Leave every picture out and return the rest of the listing verbatim.

:: GIVEN DATA ::
>>>

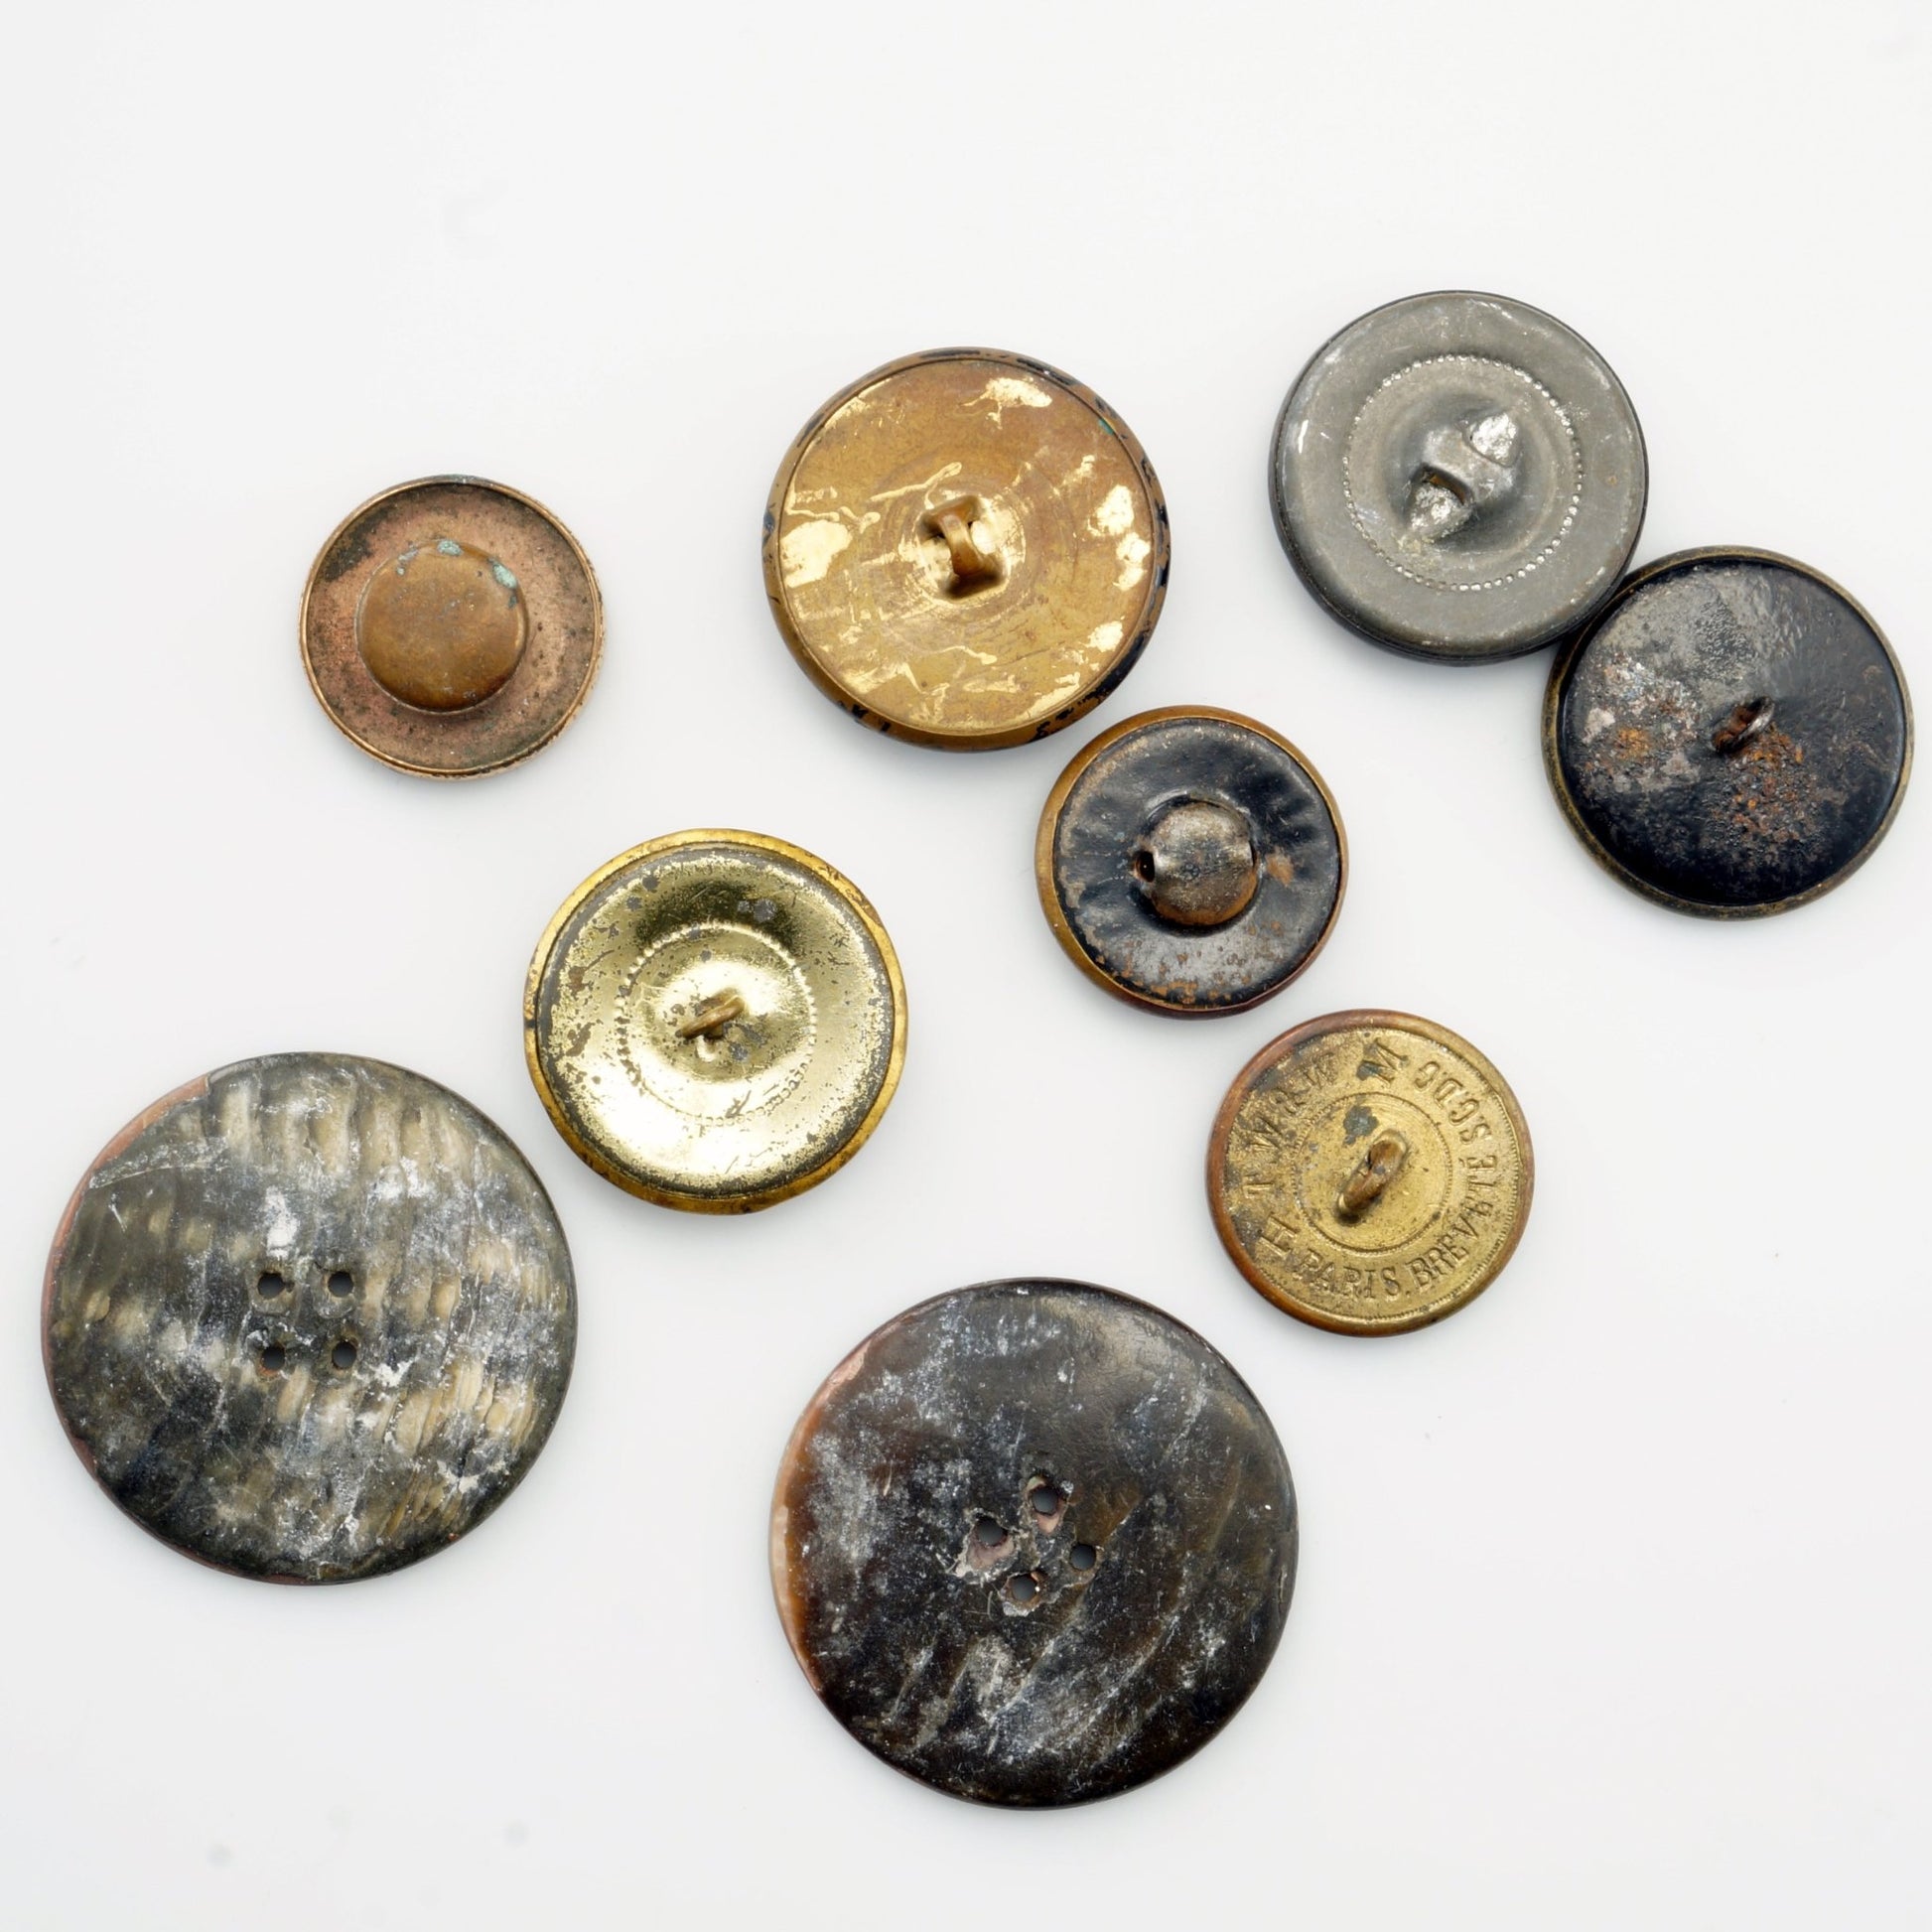 30 Antique Vintage Metal Buttons Lot2 1850-1950 
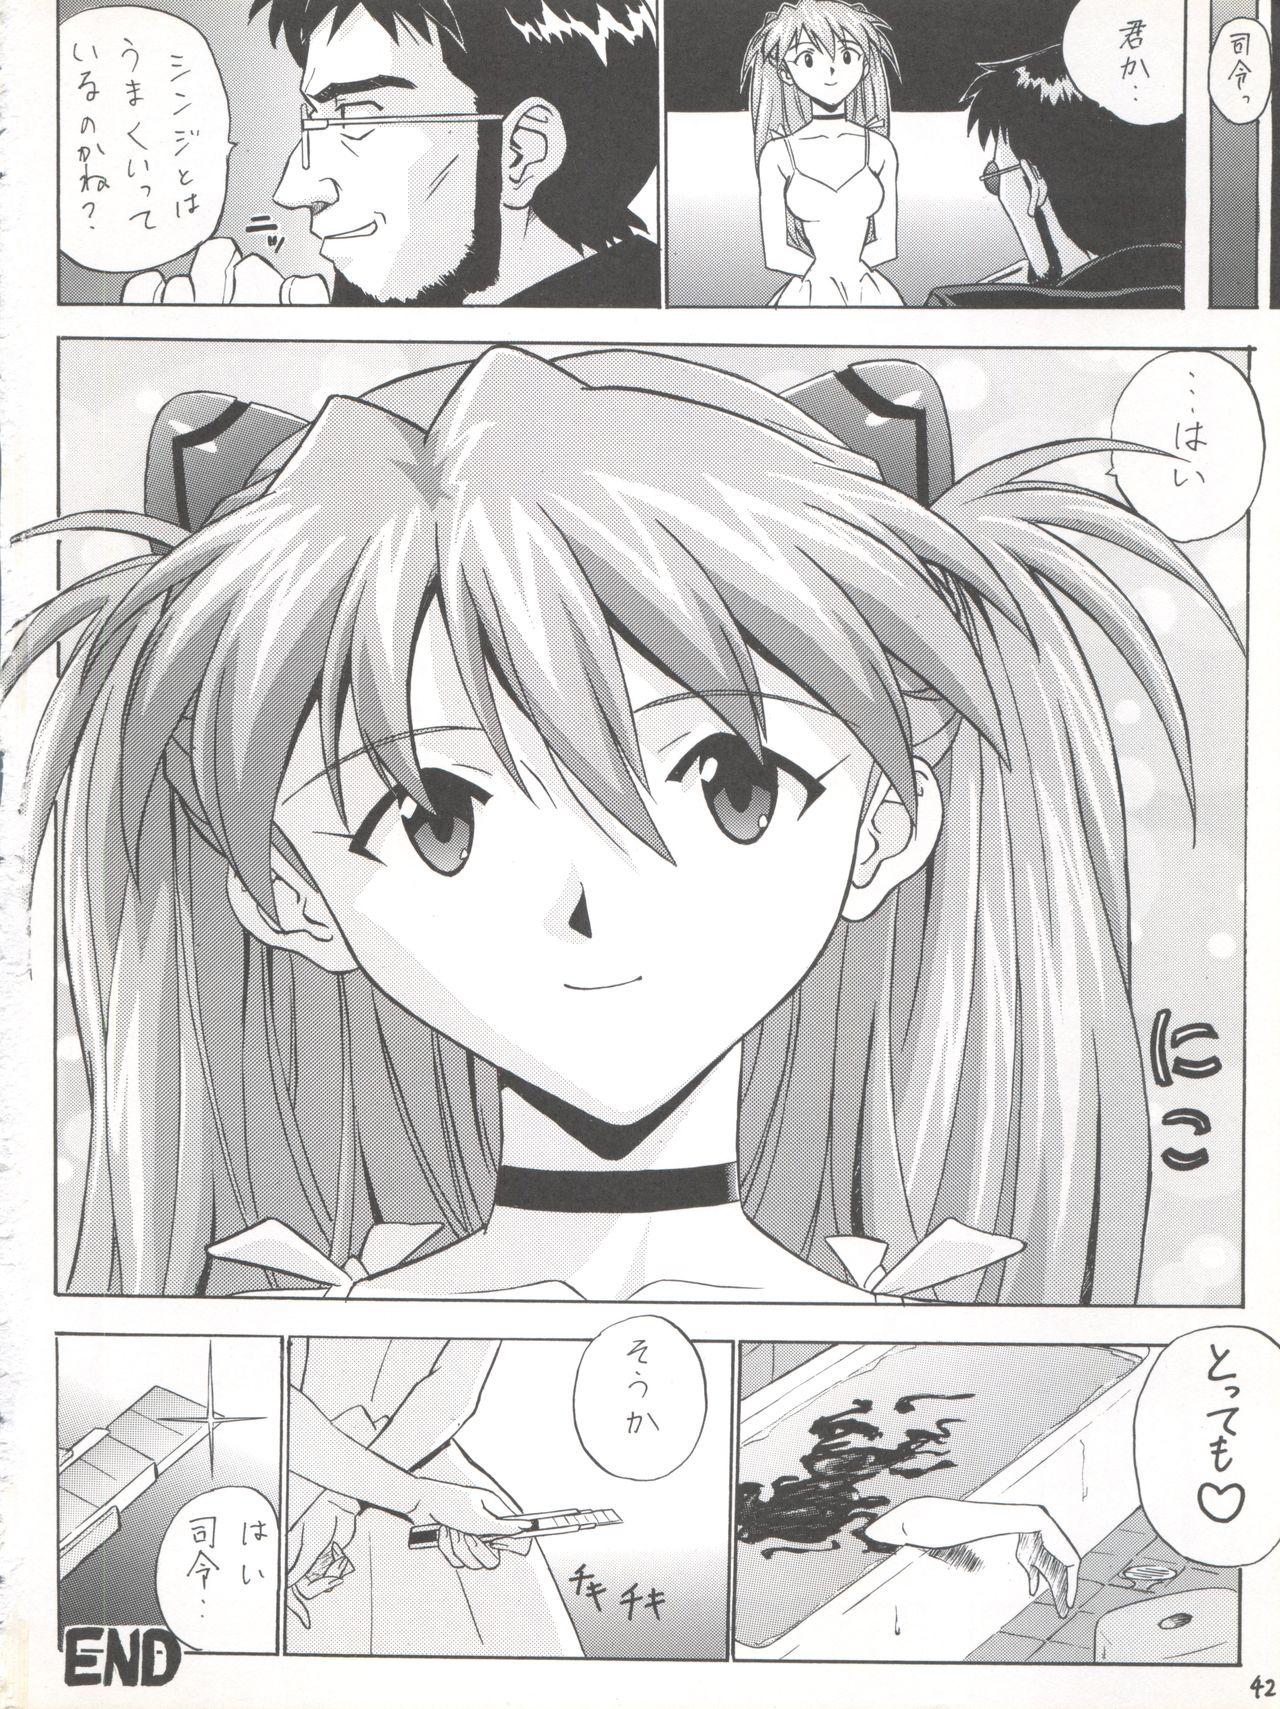 Hooker EN - Neon genesis evangelion Fushigi no umi no nadia Kashima - Page 42
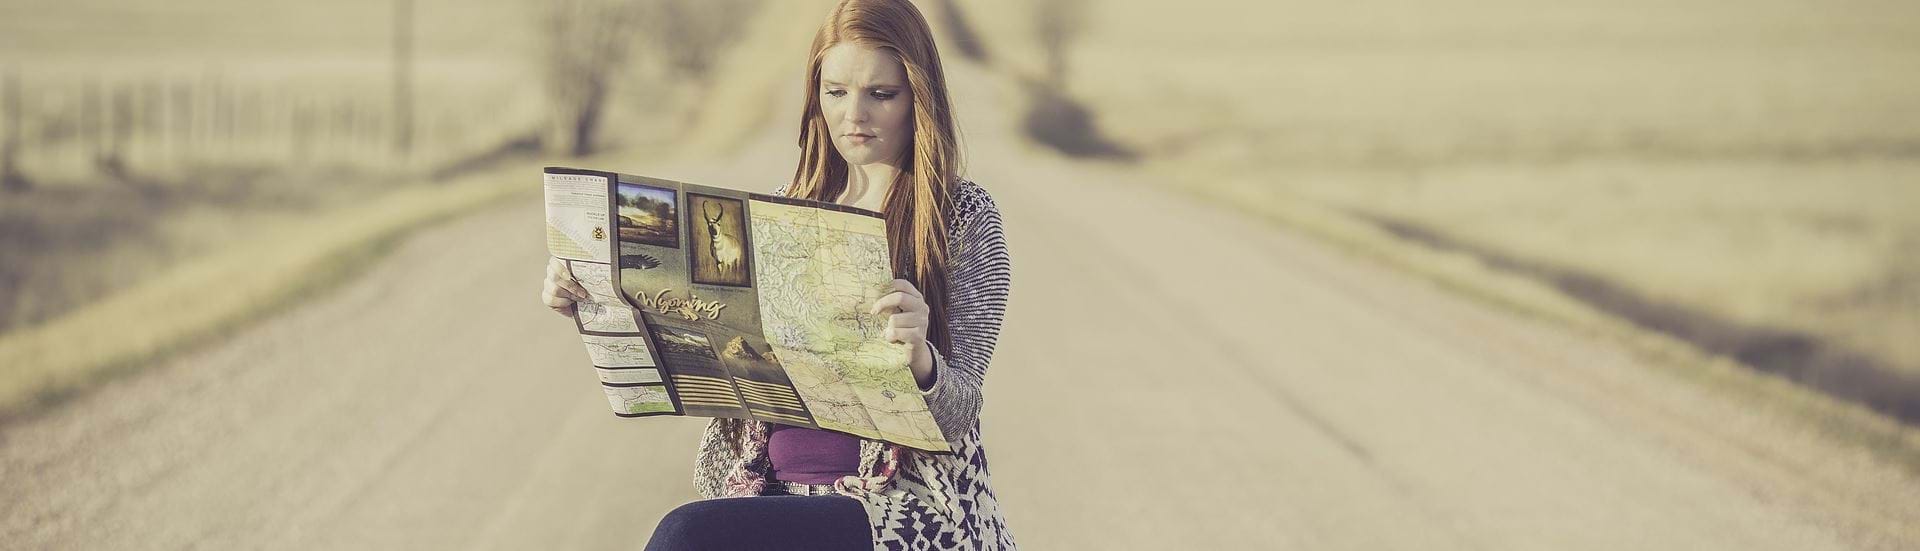 En ung kvinde sidder på en kasse midt på en landevej og kigger på kort. Ved siden af hende står en kuffert og en globus.

<<<

:: PROBLEM SOLUTION ::
 30 Antique Vintage Metal Buttons Lot2 1850-1950 
 Hooker EN - Neon genesis evangelion Fushigi no umi no nadia Kashima - Page 42
 En ung kvinde sidder på en kasse midt på en landevej og kigger på kort. Ved siden af hende står en kuffert og en globus.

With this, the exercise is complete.